Provenance of lunar regolith components: Redistribution of material by craters from the heavy bombardment period through the Copernican era

Over the last ∼4.5Gyr, repeated impacts into the lunar surface have lead to the fragmentation of the crust and continual communition of larger fragments. This continuing process has created a layer of fine-grained rock, mineral, and glass fragments known as the regolith across the entire lunar surface. During the first ∼600Gyr 43 large impact basins, all larger than 300km in diameter, formed. The formation of these large craters is predicted to have redistributed material across the entire lunar surface and created a large scale reworked zone known as the megaregolith. This redistributed material is found uniformly everywhere on the Moon. Because several large basins are found in close proximity on the nearside, there is a concentration of basin ejecta on the nearside relative to the farside. The differences in basin modification histories between the nearside and farside is likely responsible for observed geochemical terranes. The farside received relatively little basin material that allowed the composition of the surface to largely unmodified.
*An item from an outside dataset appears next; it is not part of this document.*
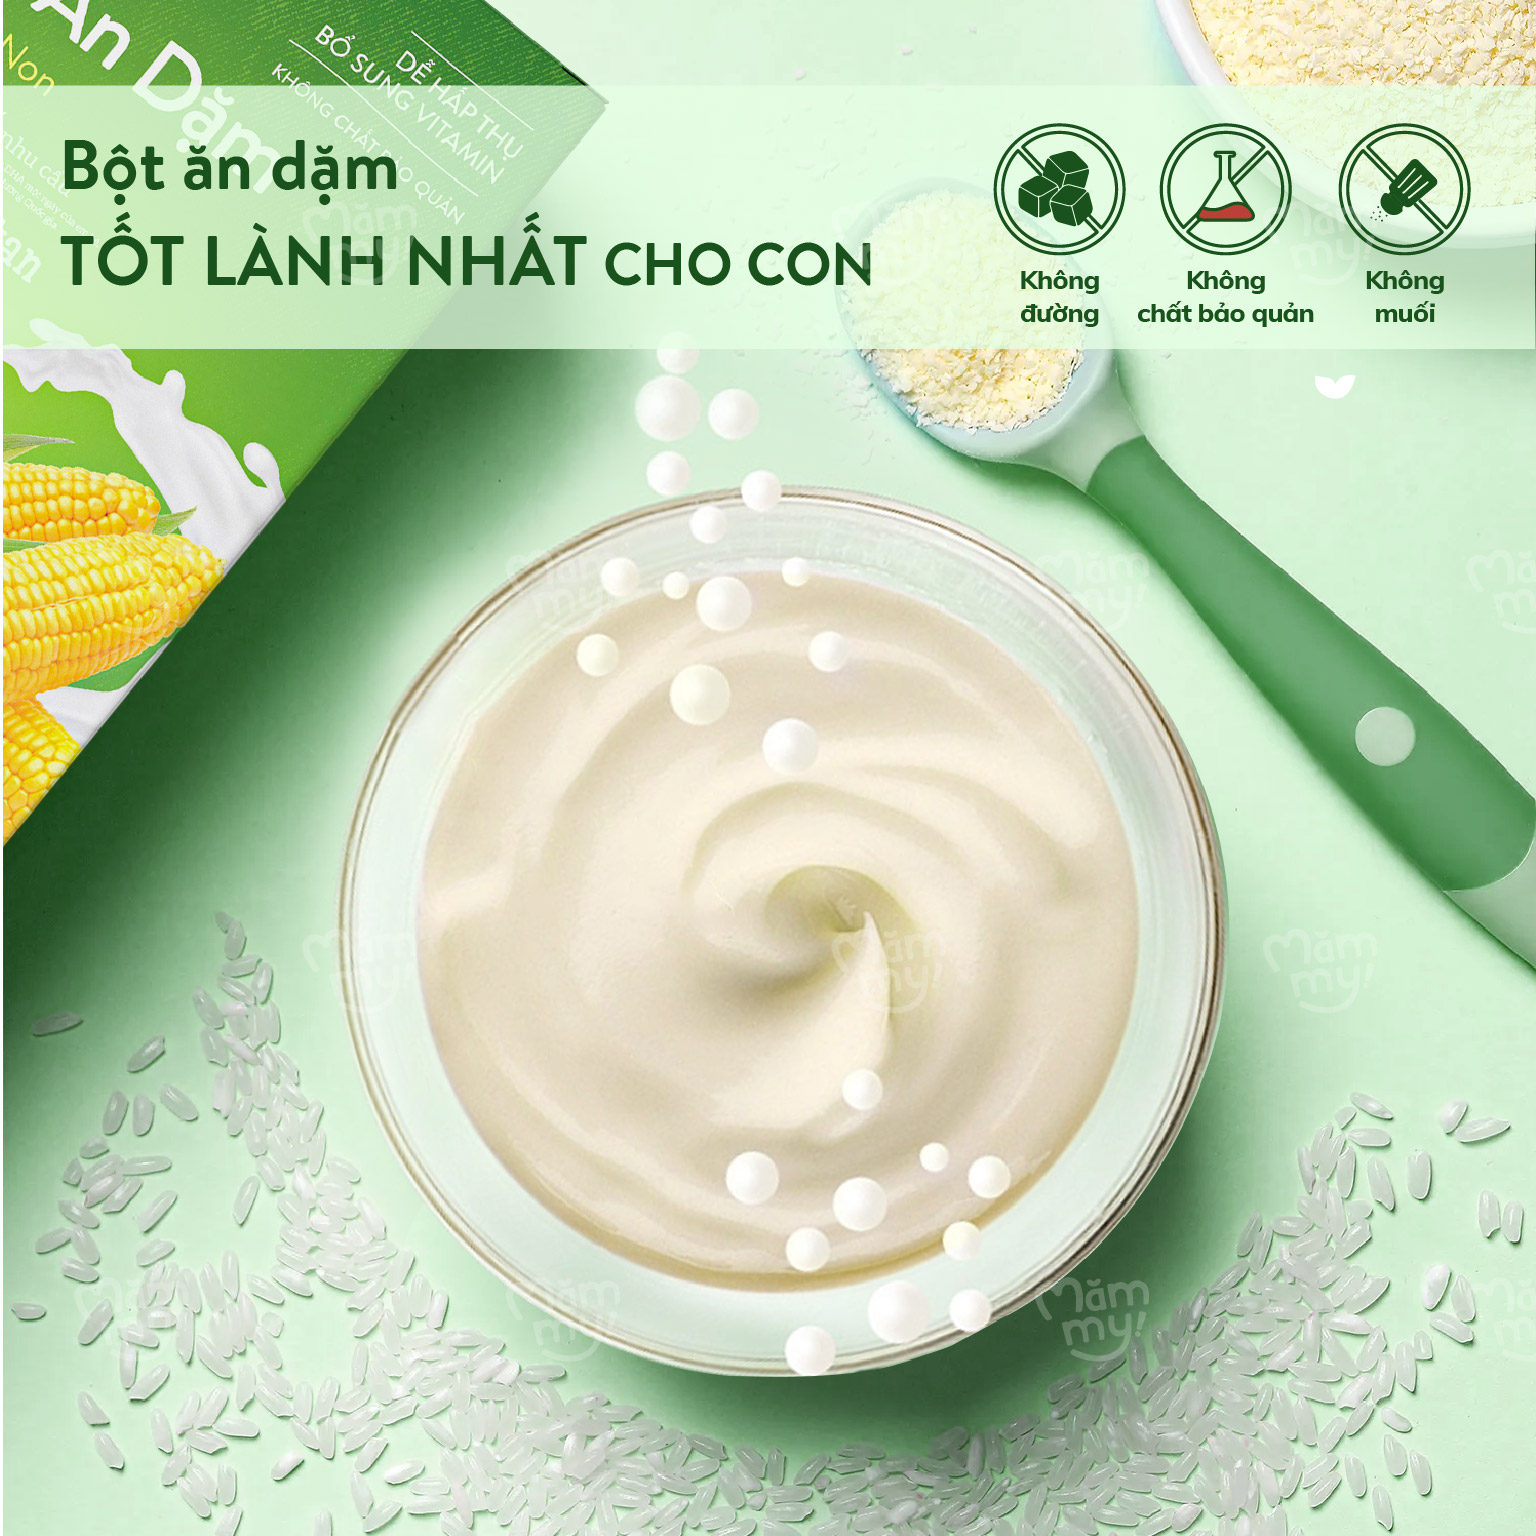 Bột ăn dặm sữa bắp non Mămmy cung cấp chất xơ hòa tan và Canxi bổ sung vitamin cho bé - 140gr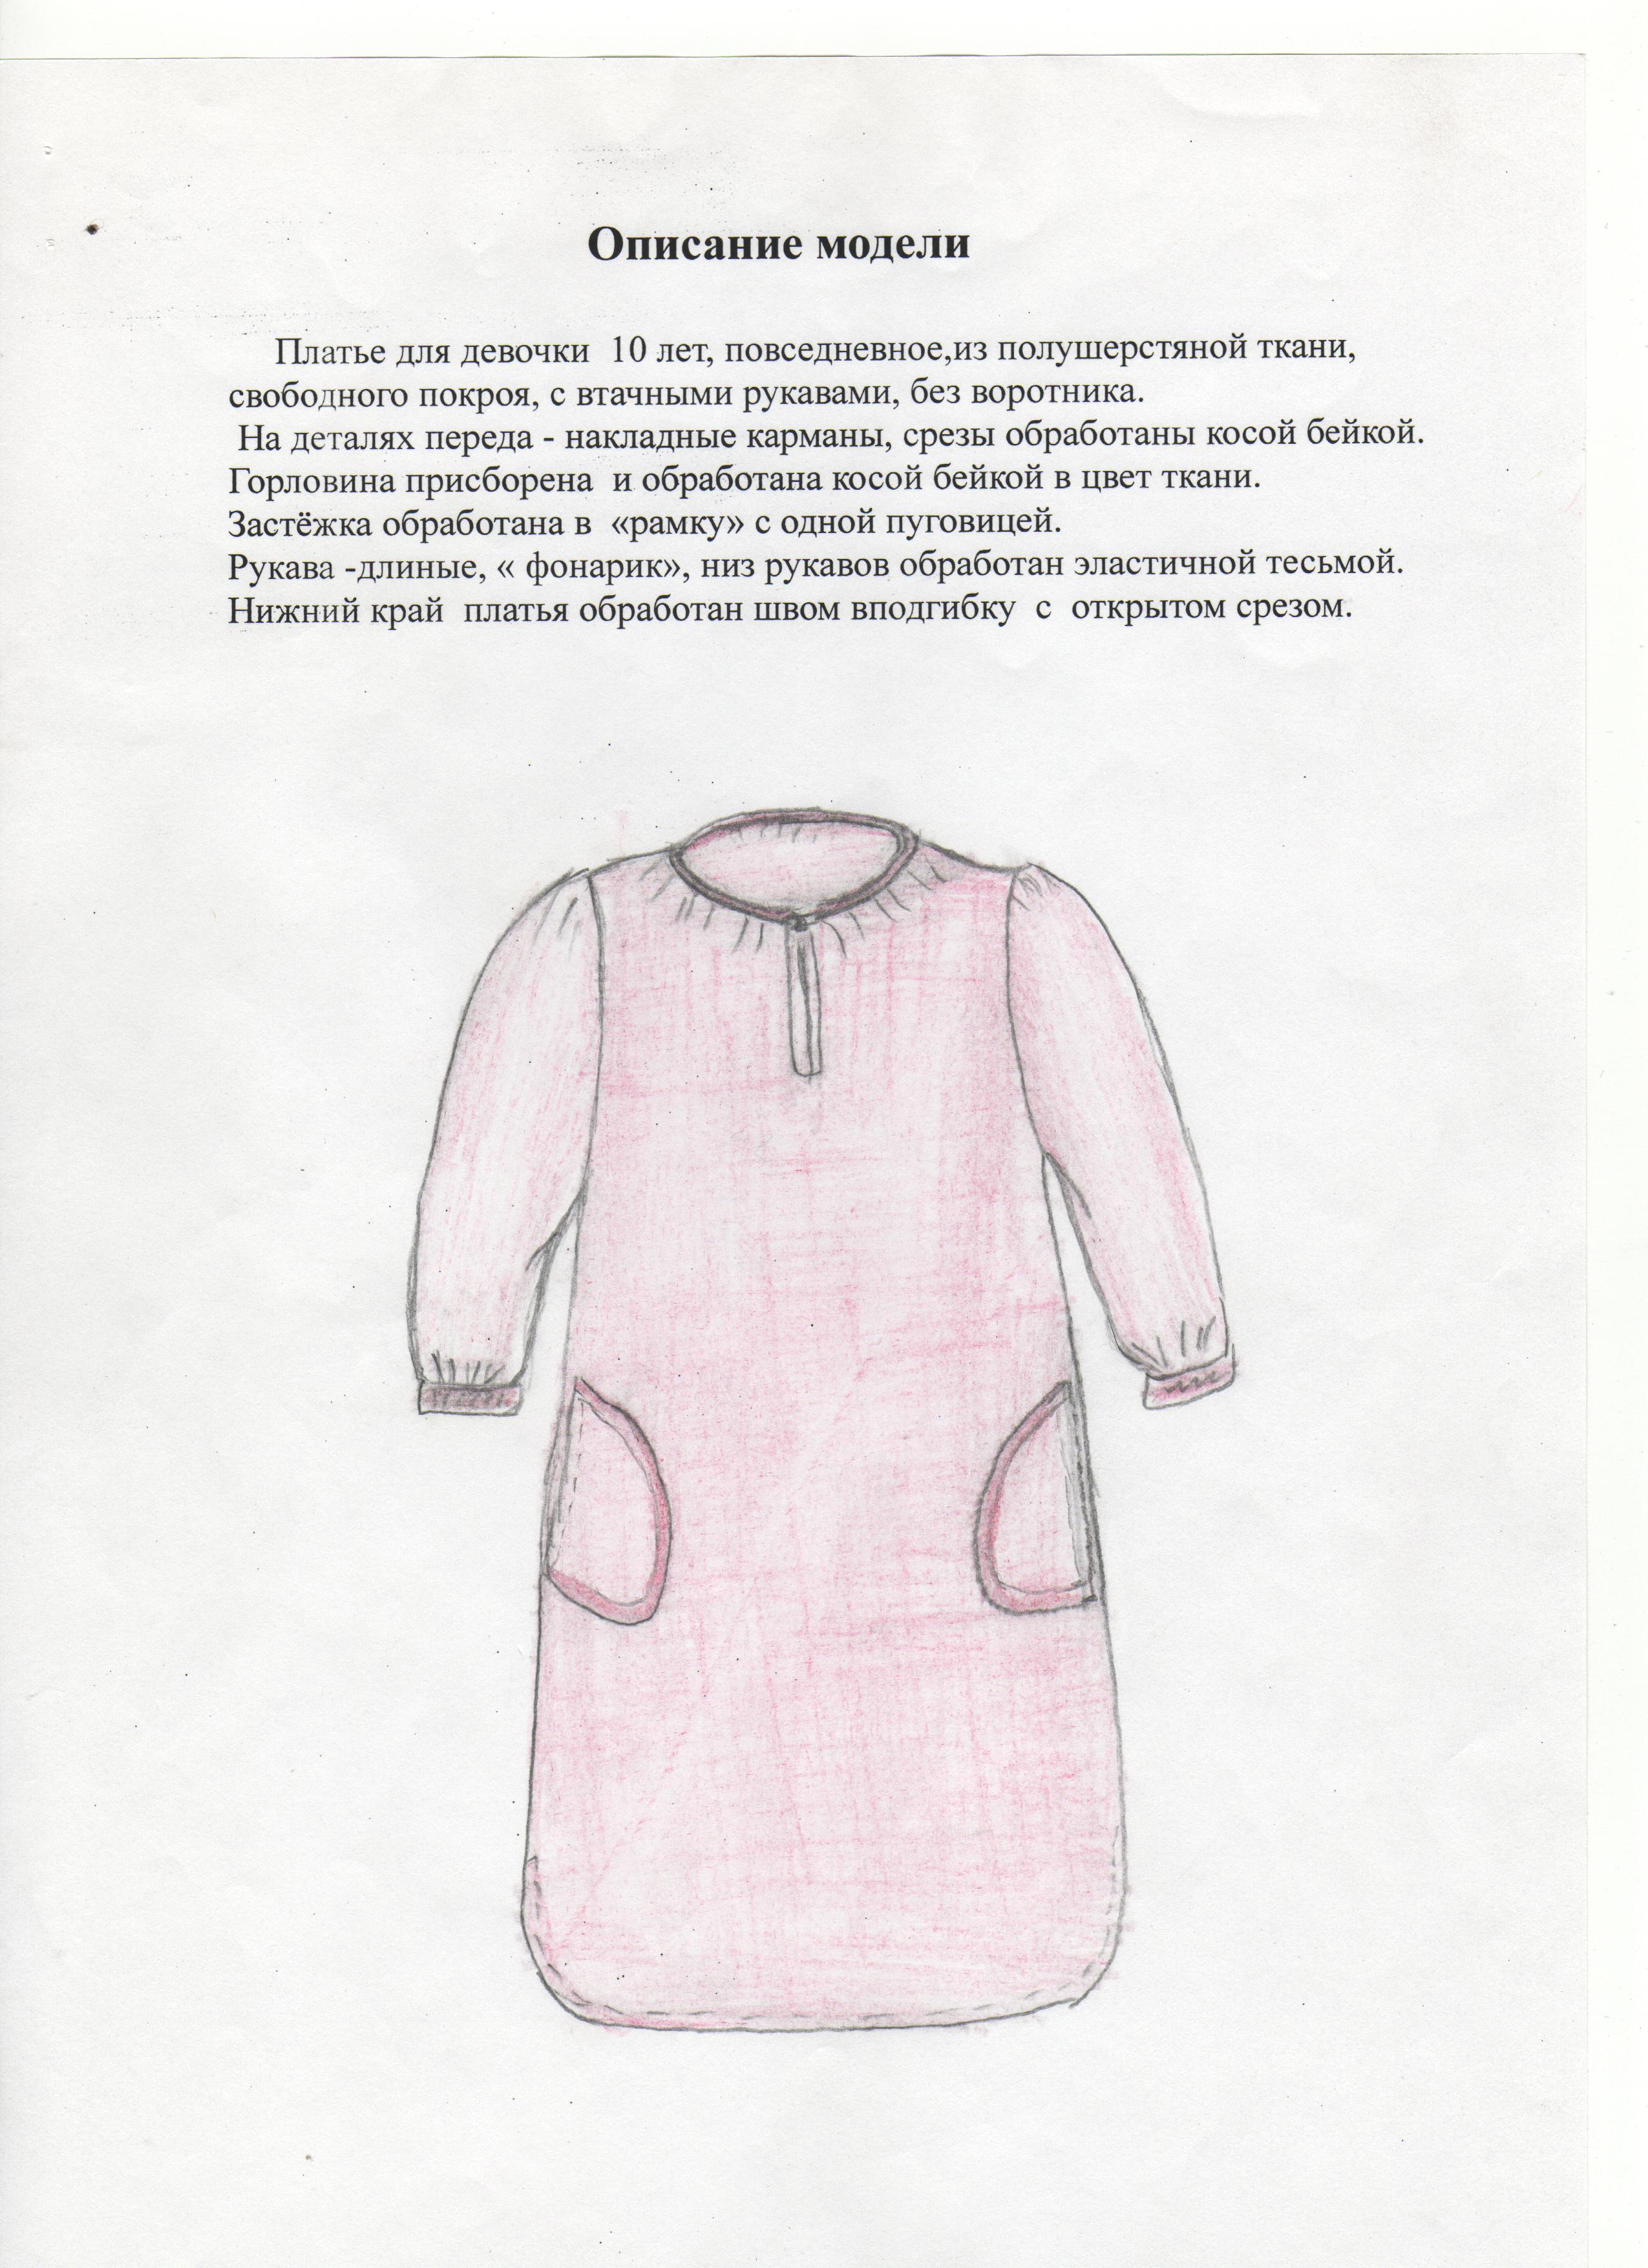 Описание модели платья для девочки

Alternately, the nearside was significantly modified by basins, which likely created a geochemical terrane largely representative of material derived from basins. One nearside basin in particular, Imbrium, distributed large amounts of material across the entire Moon. Imbrium ejecta are enriched in Thorium, which allows the distribution of its ejecta to be measured remotely. Ejecta from Imbrium are predicted to cover most highland surfaces, however the distribution of such material is not symmetric around the basin. Following the formation Imbrium, cratering continued on a much smaller scale. In the last ∼3.85Gyr, 411 craters larger than {dollar}30km in diameter have formed. The formation of these smaller craters, like the formation of basins except on a much smaller scale, distributed material across the entire lunar surface. This distribution of crater material, like basins, is non-uniform and is predicted to result in various locations on the Moon having differing amounts of material derived from greater than 50km in the regolith. Such material is predicted to represent less than 50% of the regolith over most of the Moon. The remaining portion of the regolith is predicted to contain both basin and locally derived material.